If you read this book, you are probably using RSS yourself, or at least you will want to use it in the future. Considering the different RSS versions used on the Web, you will ask yourself sooner or later which one is right for you.

You will find here a long and a short answer to this question. The long answer is the book itself. As you will see, the advantages and disadvantages of the different syndication formats can't be summarized in just a few sentences. If it involves more than producing a simple newsfeed, several aspects have to be considered, like the existing software, the necessity to combine RSS with other vocabularies, the way of validating data, future extensibility, and the requirements that result from the use of web services.

The short answer is: users who want to use RSS only as a syndication format have to analyze what data they want to offer. The most important content elements are found in all RSS versions. Those who restrict themselves to these core elements can use any of the formats and automatically convert it into one of the other formats—either with software on their own system, or with a service that is offered on the Web, like, for example, Feedburner.

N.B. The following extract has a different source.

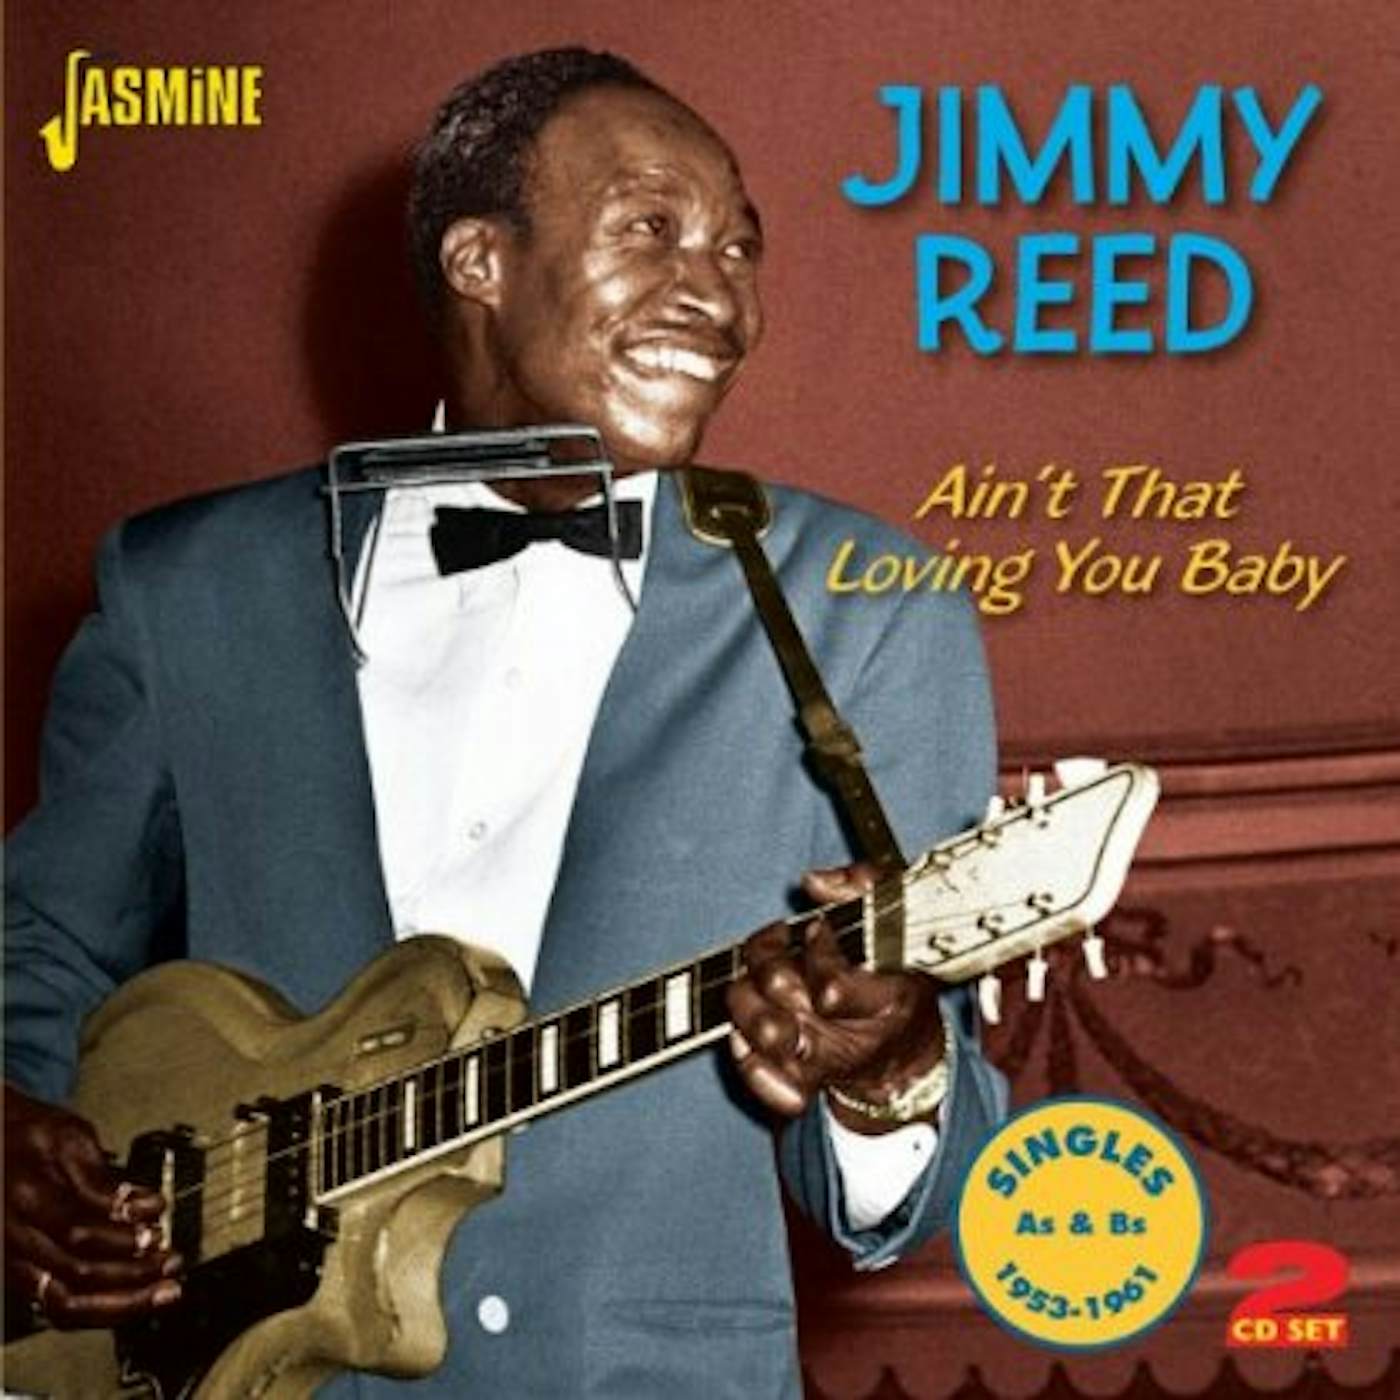 Jimmy Reed AIN'T THAT LOVING YOU CD

Those who are looking for more ways to express themselves have to evaluate, which one of the versions offers the features they are looking for and is at the same time supported by software that is supposed to process the data. In respect of the possibilities of expression, the modules of RSS 1.0 are still unmatched at the present time. Anyone who wants to offer multimedia data, for example, as a podcast, depends mostly on RSS 2.0 and its expansion modules. It is to be reckoned that the corresponding modules of both formats will soon be integrated in Atom as well.

License

This article, along with any associated source code and files, is licensed under The Code Project Open License (CPOL)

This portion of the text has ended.